La NFL no está hecha para que los mariscales corran, es un hecho, la lógica lo indica y la estadística lo confirma. Por más espectacular que sea un quarterback corredor, es un riesgo que no le gana a la relación costo-beneficio, es demasiado caro y Griffin III es la una muestra de ello. Llegó a profesional con unas expectativas increíbles por su exitosa trayectoria colegial y en cuanto corrió  se lesionó; se curó y se volvió a lesionar. Así vemos a Johnny Manziel lesionarse y ser intermitente. Pero la historia se repite, el domingo Bridgewater se barrió después de correr el balón, la más anunciada  de las jugadas y aun así el rival lo noqueó, dejando fuera el cerebro del equipo, ¿valieron la pena las 7 o 9 yardas? Si vemos la analogía con los mariscales ganadores de campeonatos, que parece ser el objetivo de esto, nos daremos cuenta que los más grandes no corren. Los más sólidos en activo son: Peyton Manning en números, Tom Brady en campeonatos, y aun veremos a Aaron Rodgers, Drew Brees, Big Ben; de los grandes retirados: Staubach, Bradshaw, Favre, Aikman y compañía. ¿Cuándo corrían?  Russel Wilson puede verse como la excepción a la regla, pero ese Seattle se cuece aparte, equipo balanceado en todo y ver correr al QB es solo parte de su show, no la medula de su éxito.

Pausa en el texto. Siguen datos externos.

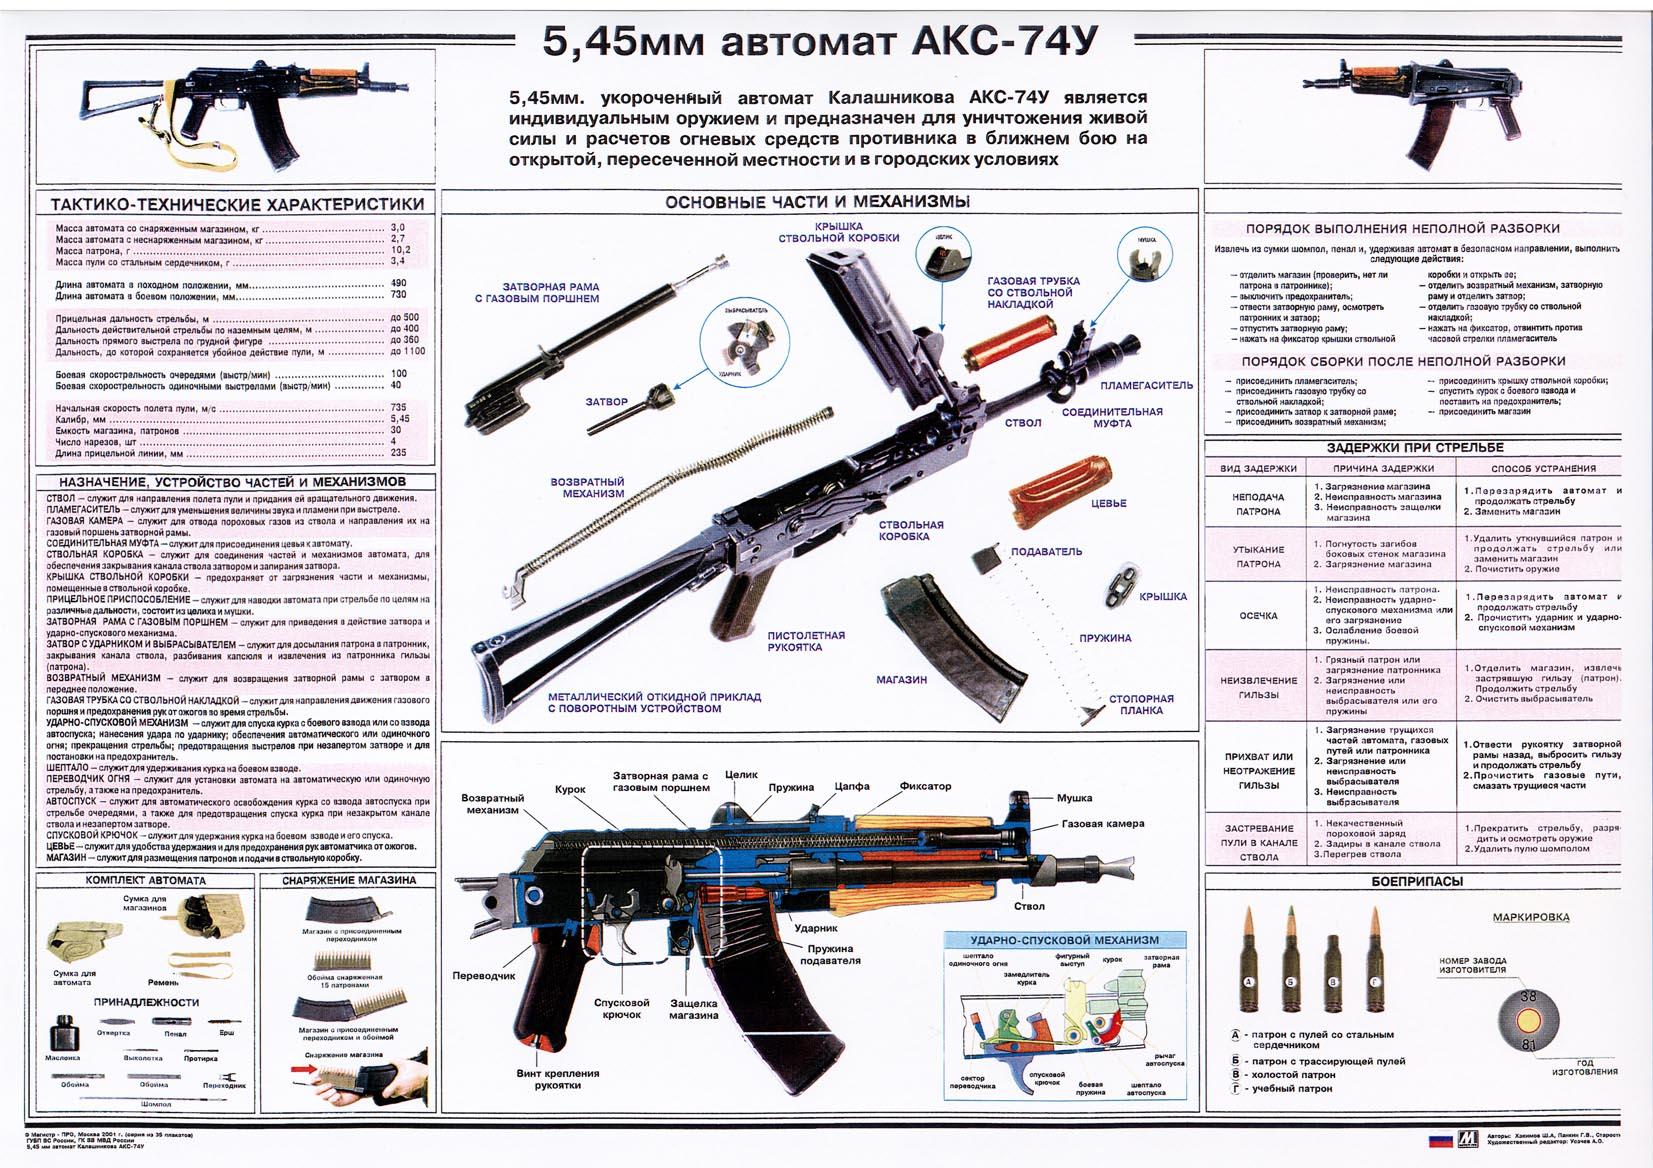 Automatic file-74U

¿Qué pasa con QB’s corredores?  Simple, los van a lesionar, más temprano que tarde y así, ¿qué playbook puede ser tan amplio que incluya al mariscal corriendo sin que lo terminen leyendo, incluso antes de que empiece el juego? Se puede pensar que las variantes para jugadas son infinitas, pero en cuanto el QB va a correr se nota, la formación se nota, todo se nota y aunque sea un super atleta como Cam Newton, quien aún sigue de pie, pero todo es cuestión de tiempo. La bolsa de protección es el cordón umbilical del juego, no se puede arriesgar así y ahora vemos sentado a Colin Kaepernick después de haber estado dos veces en un Super Tazón y a dos jugadas de ganarlos. Increíble, pero brazo es lo que se requiere ahí, no piernas.

La NFL demanda demasiado, si la posición de mariscal de campo es la más exigida, lo más sensato es buscar alguien a largo plazo; ahí va Derek Carr, un buen brazo, con lectura, con reacción al rompimiento de jugadas, no se puede todo.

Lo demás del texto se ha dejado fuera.